# What did you get for Christmas?



## lmb (Nov 1, 2011)

So that's the question, what did you get for Christmas?

Here's what I got:


iPhone 4S
Black Jupiter Pocket Trumpet
iHome for iPhone (Stereo System)
Boogie Board from Brookestone
Amazon Kindle Fire (Got 2 books on it too)
Angry Bird Plushie
Clothes from Hollister and Abrocombie (Of course)
More clothes
RC Bird & RC Helicopter
Bracelets (2)
Hogs Pillow Pet
Alarm Clock that shines on ceiling
And a lot of neat stocking stuffers


----------



## cossie (Dec 19, 2010)

x-box and tonns of ralph lauren and abercrombie tops


----------



## emc7 (Jul 23, 2005)

nook tablet + clothes.


----------



## blindkiller85 (Jan 8, 2011)

A future wife (got engaged) and a few T-shirts from my sister that said " Lets get drunk and make bad decisions " and that has a picture of a guy holding a beer running with scissors. The other says " You look like I could use a drink " haha


----------



## StripesAndFins (Dec 31, 2008)

What I got:

- New guitar
- Kindle Fire
- Flip video camera
- xBox + RockSmith
- Super Mario 3D Land
- A guitar lamp
- Money/Gift Cards
- An electric razor lol


----------



## phlyergirl (Nov 6, 2011)

Pajamas
Slippers
Big piece of driftwood
air pump
tubing
new light for my planted tank
background
and carte blanche to get a new tank, so I went to Petco's dollar a gallon sale today and got a 40 gallon breeder, filter and light hood.


----------



## grogan (Jan 23, 2011)

-new 16 megapixel canon camera 
-canon printer
-paper shredder
-carhart hat
-wireless router

and I took home two sumo loaches...merry Christmas to me


----------



## iheartfish:) (Jan 19, 2011)

Woohoo, go kindle!!!  had to say that... Petco gift card of course! And other cool things, like a new watch and stuff.


----------



## karleee (Dec 18, 2011)

.My OWN recharchable fugi camera...I used to have to use mums and dads!
.$320 AU
.A neon-light ball (really cool glass ball with static inside)
.A new dog collar for my dog
.A nail polish set (oveously mum dosn't know I hate make-up :/)

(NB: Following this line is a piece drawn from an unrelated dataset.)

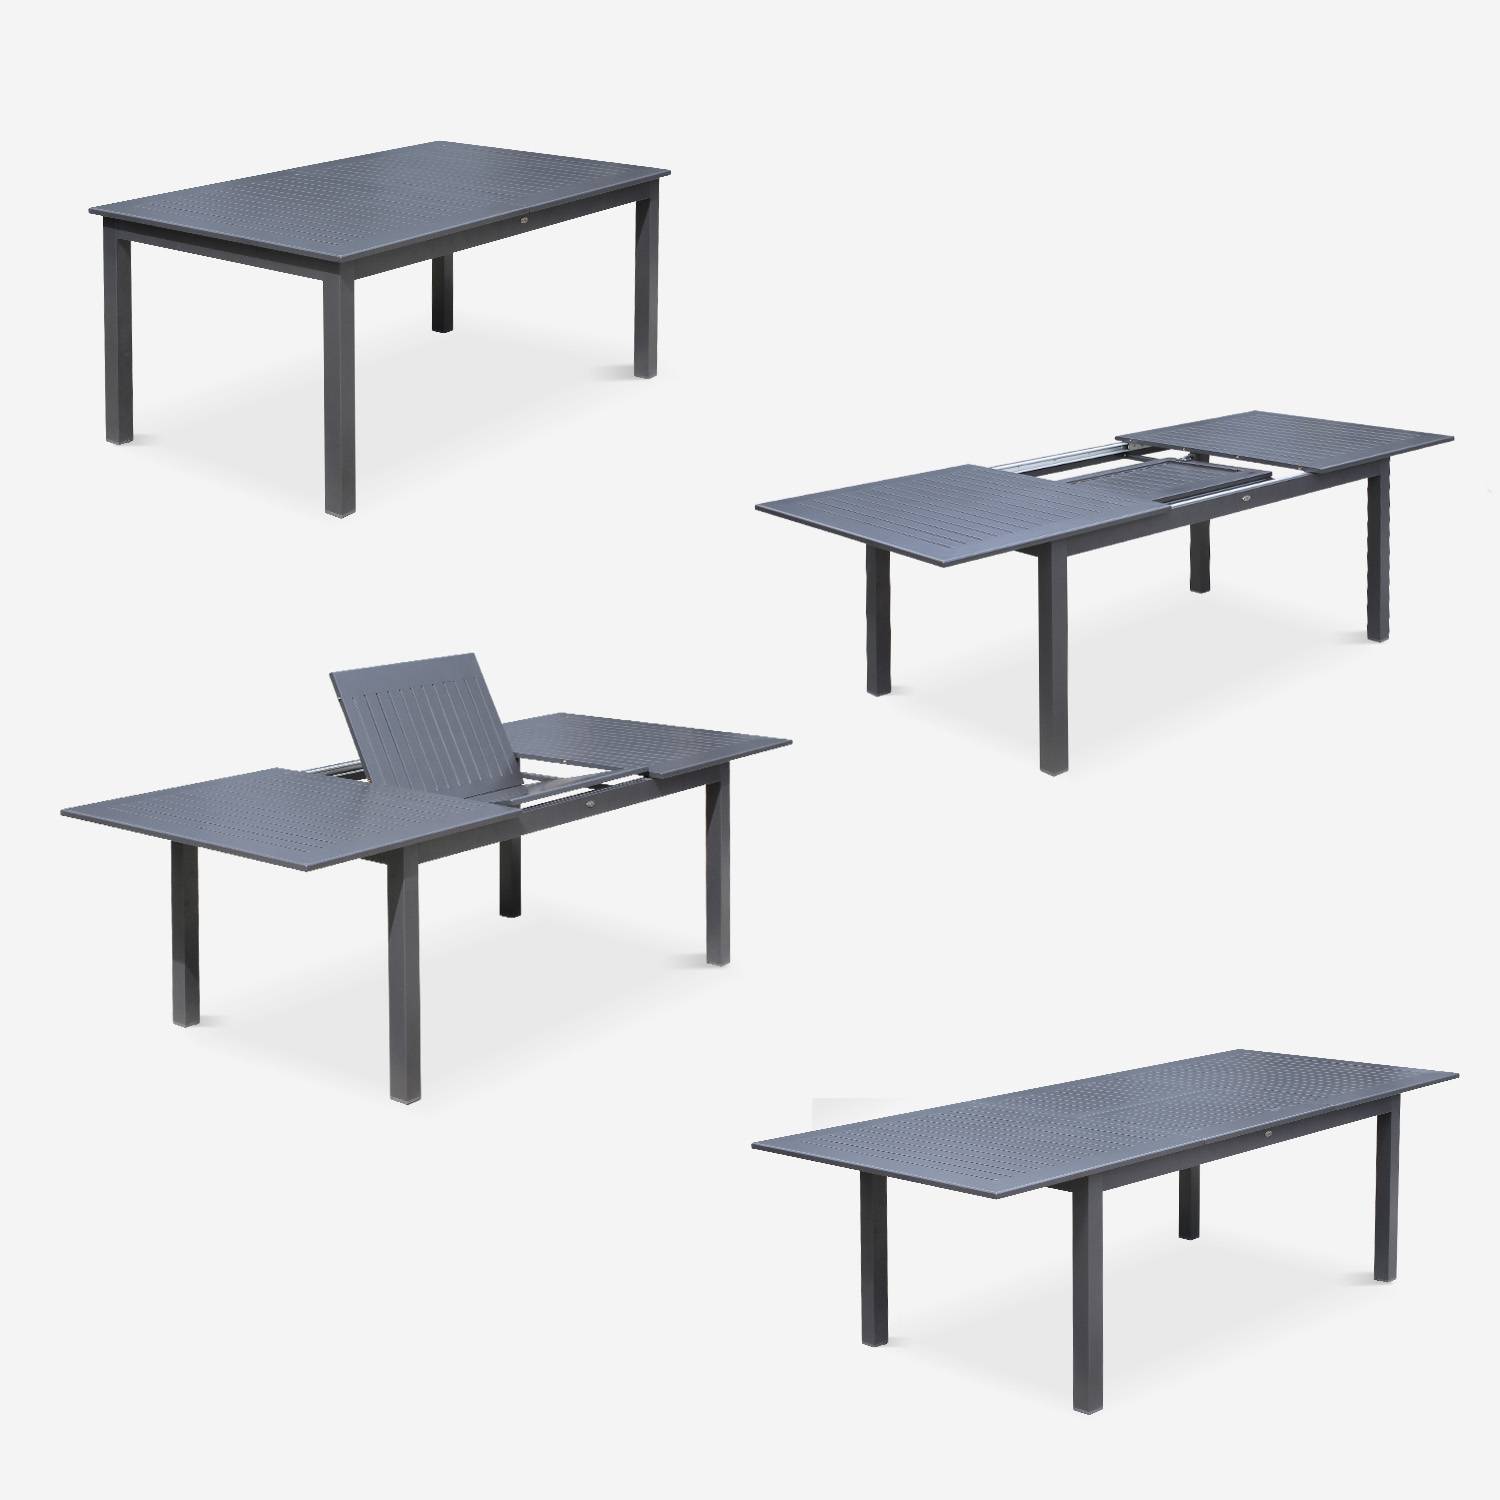 Set da giardino con tavolo allungabile - modello: Chicago, colore: Antracite - Tavolo in alluminio, dimensioni: 175/245cm con prolunga e 8 sedute in textilene,sweeek,Photo6

and I'm going to spent $120 on fish suplies


----------



## snyderguy (Feb 9, 2010)

- Polk 10 in. 120watt subwoofer
- nice casual shoes
- clothes
- money and gift cards
- Modern Warfare 3 for Xbox 360

i guess you could also say that I got all my discus fry too considering they were all alive still when I get back and are doing very well


----------



## OhYesItsMe (Oct 1, 2011)

ipod toch 4
x box 360
2 killfish hhatchery kits
Simpson comics
Golf calender
Relative money


----------



## hXcChic22 (Dec 26, 2009)

I got: 

Lots of candy
Nail polish
Books
Purple bathrobe
Jurassic Park Blu-Ray set
Within Temptation's "The Silent Force" CD
Couple T-shirts
Rice cooker
Cake decorating bags/tips/etc
iTunes, Neopets, and Rue 21 gift cards
Wii Fit Plus
and some other stuff I can't recall at the moment...


----------



## lmb (Nov 1, 2011)

Awesome gifts everyone!


----------



## bmlbytes (Aug 1, 2009)

A trip to Key West, FL.

For my birthday (Dec 23) I got a Lenovo IdeaPad laptop.

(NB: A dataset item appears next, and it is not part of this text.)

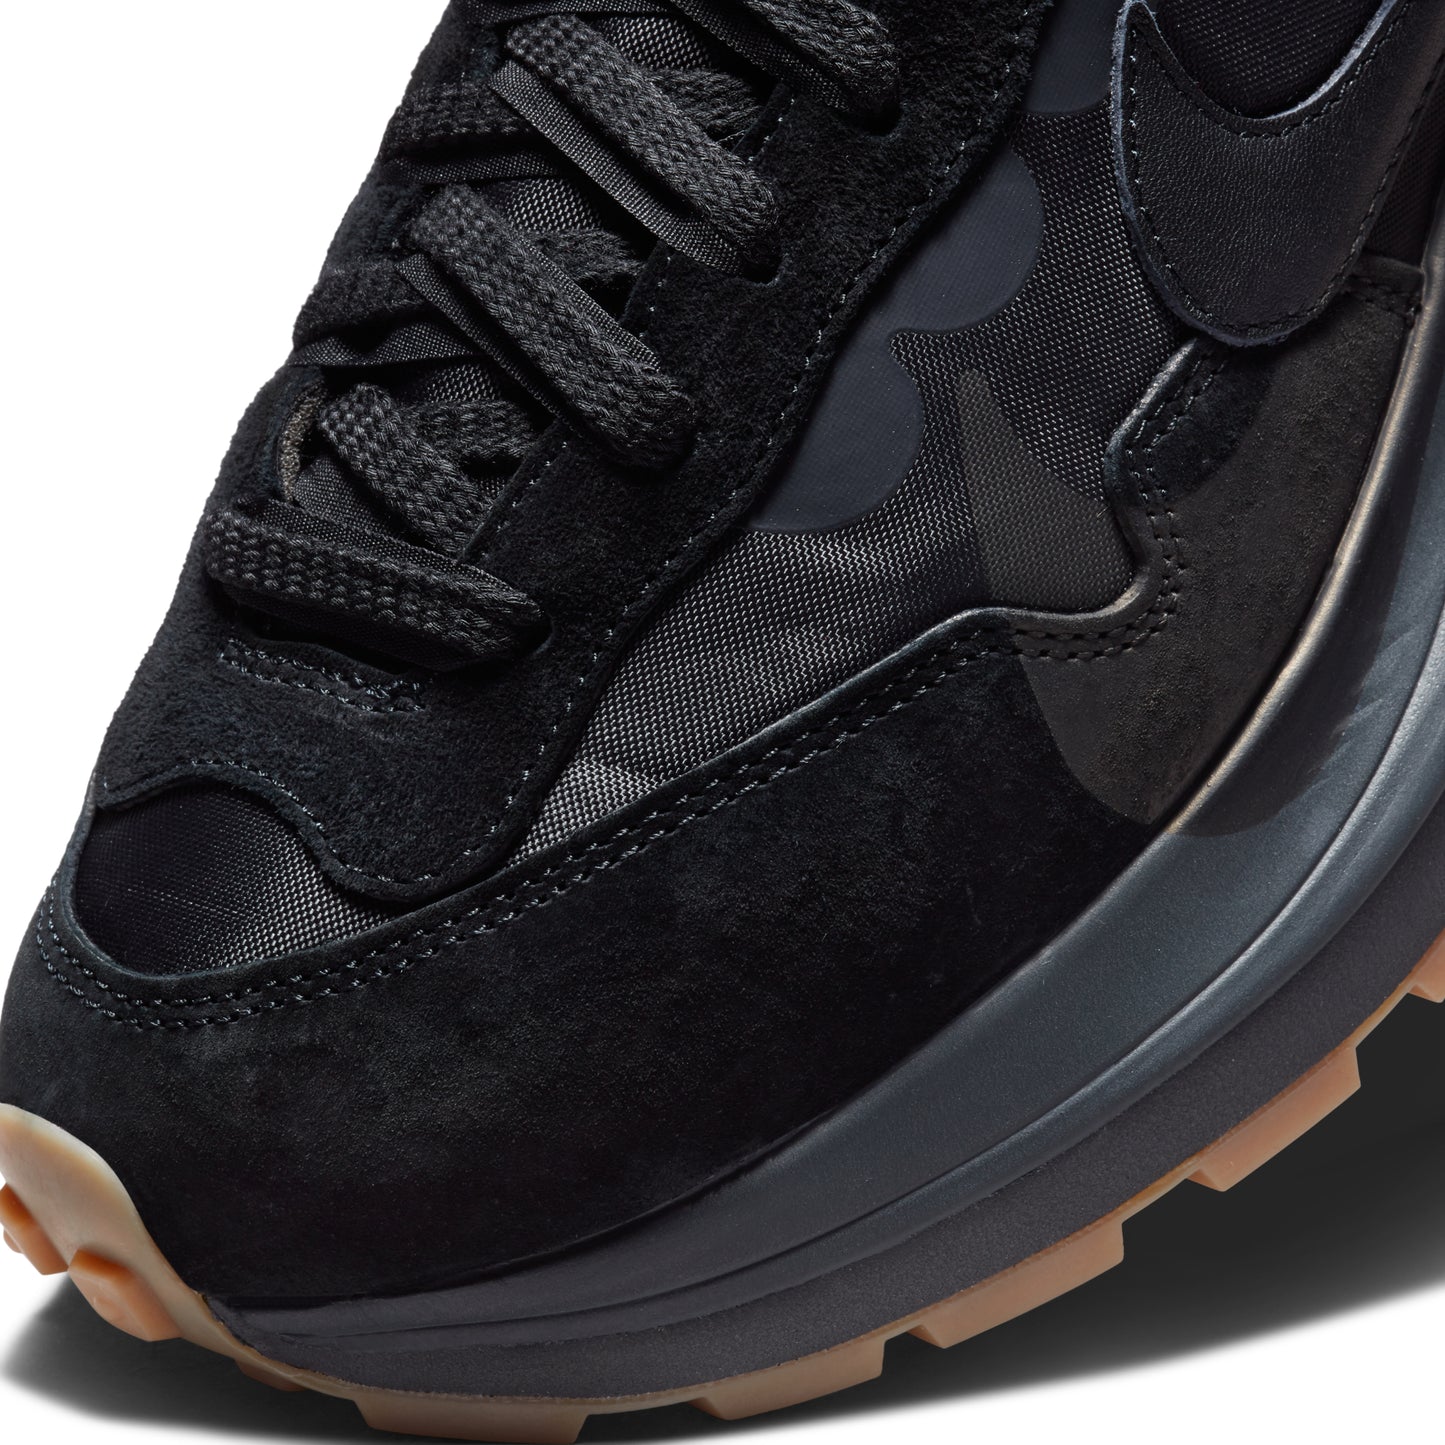 Nike x Sacai Vaporwaffle "Black Gum"

Some of the money I got for Christmas and birthday I used to get a Sprint iPhone 4.


----------



## lmb (Nov 1, 2011)

Awesome bml


----------



## Albino_101 (Aug 14, 2008)

I got a revolver rifle, a 44-40, ammo for it, a gun cleaning kit, and a really cool hoodie. Photo of gun below:


----------



## hXcChic22 (Dec 26, 2009)

Albino_101 said:


> I got a revolver rifle, a 44-40, ammo for it, a gun cleaning kit, and a really cool hoodie. [/IMG]


Nice rifle. Is it the first gun you've owned? 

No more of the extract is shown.